If this sounds complicated, it's because it is complicated. Moreover, it never worked. For starters, Layer 2 QoS tags vanish when the VoIP packet hits a Layer 3 boundary. This disappearing act made them close to useless and explained why TCP priority tags were also required since they could cross Layer 3 boundaries. Still many applications did not set tags, and virtually all switches and routers required manual QoS configuration.

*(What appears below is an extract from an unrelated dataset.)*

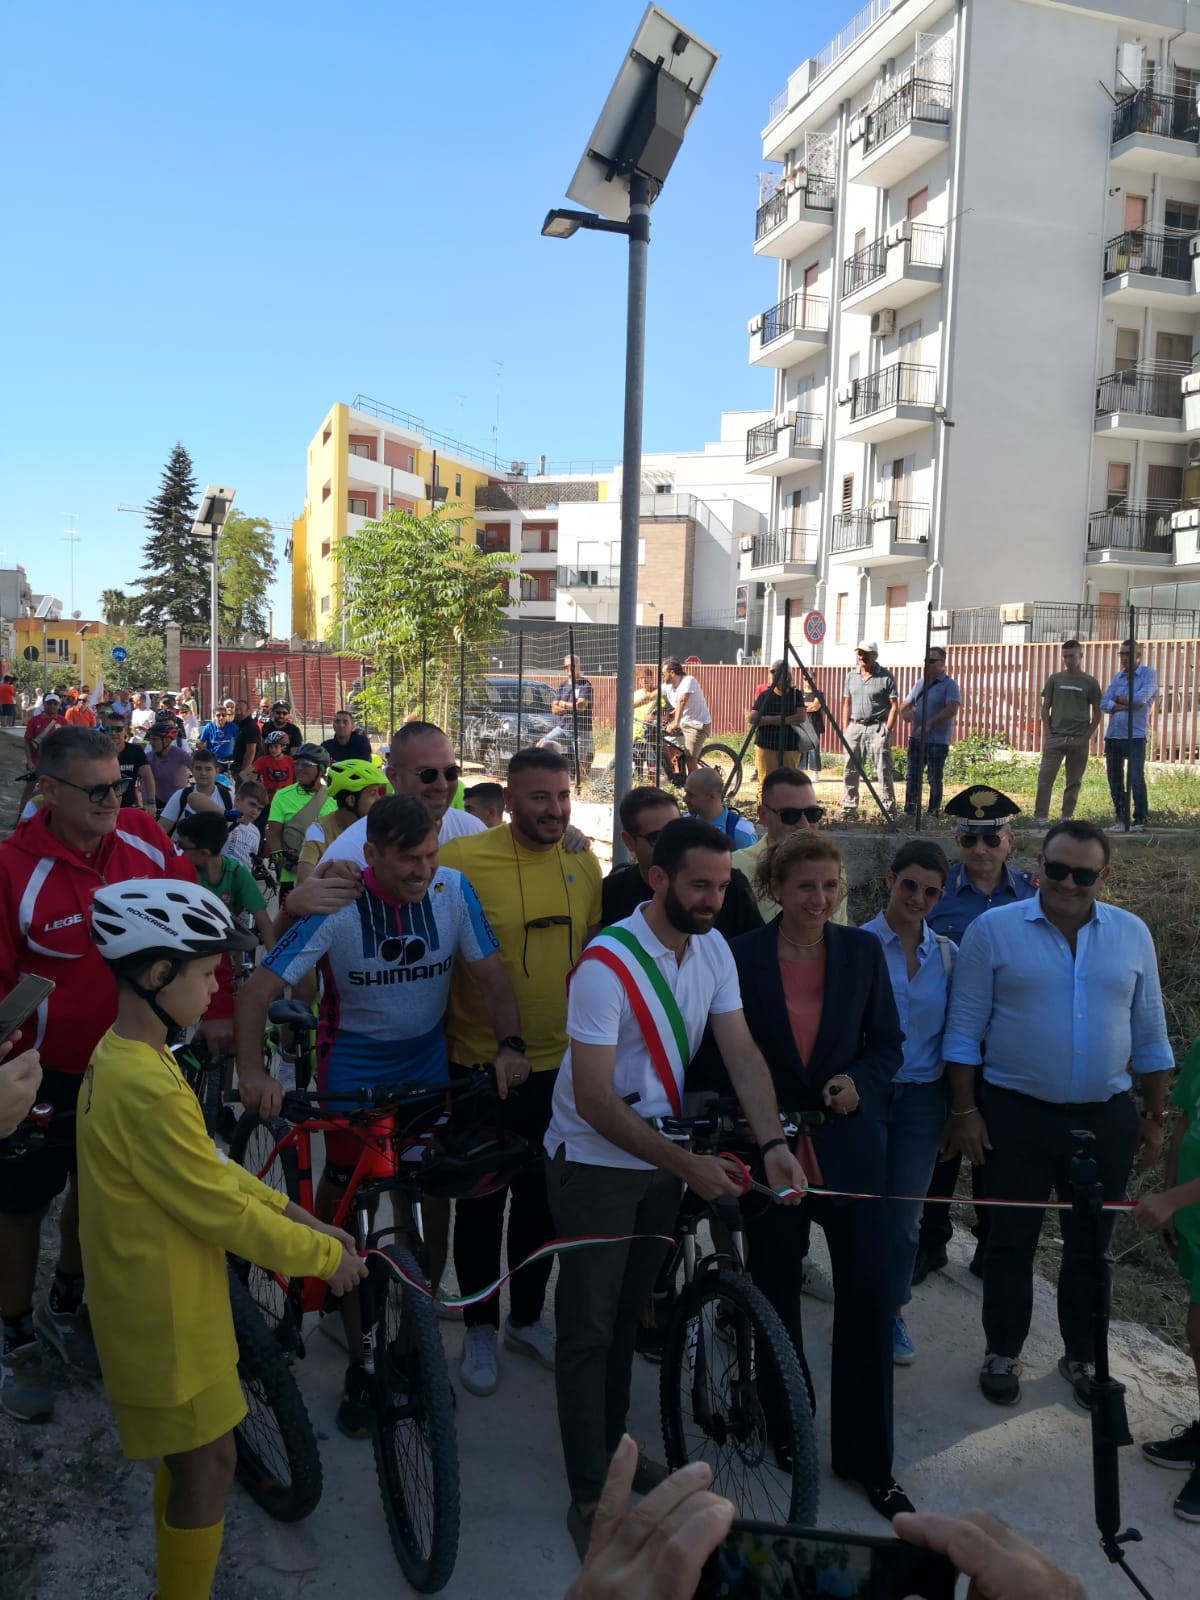 Galleria Nuova pista ciclabile a Castellaneta finanziata dalla Regione: un passo avanti per la promozione della mobilità lenta e sostenibile in Puglia - Diapositiva 3 di 4

VoIP overseen more effectively
Today, VoIP over LAN can be managed much more effectively. First, QoS is automatic. Second, wired and wireless LANs are engineered with so much bandwidth that session traffic can happily coexist without even approaching saturation.
But, if some sort of traffic management is needed, it is applied automatically through real-time packet inspection. Most network devices -- even low-end ones -- are powerful enough and smart enough to diagnose the applications funneling through them. Once VoIP over LAN traffic is detected, the devices place that traffic in high-priority queues. In the event congestion occurs, the device allocates additional bandwidth to resolve potential quality issues.
To ensure good performance, check the configuration settings for each device across your VoIP over LAN deployment. Many will likely default to providing QoS. With others, you may need to enable QoS options, but those controls should be applied automatically from that point on. It is rare to find any device requiring manual queue configuration, though some may offer that option for more advanced needs.
It sounds paradoxical to say, but even if QoS remains as important as ever for VoIP, from an implementation point of view, you can usually just forget about it. Your network devices will take care of it for you.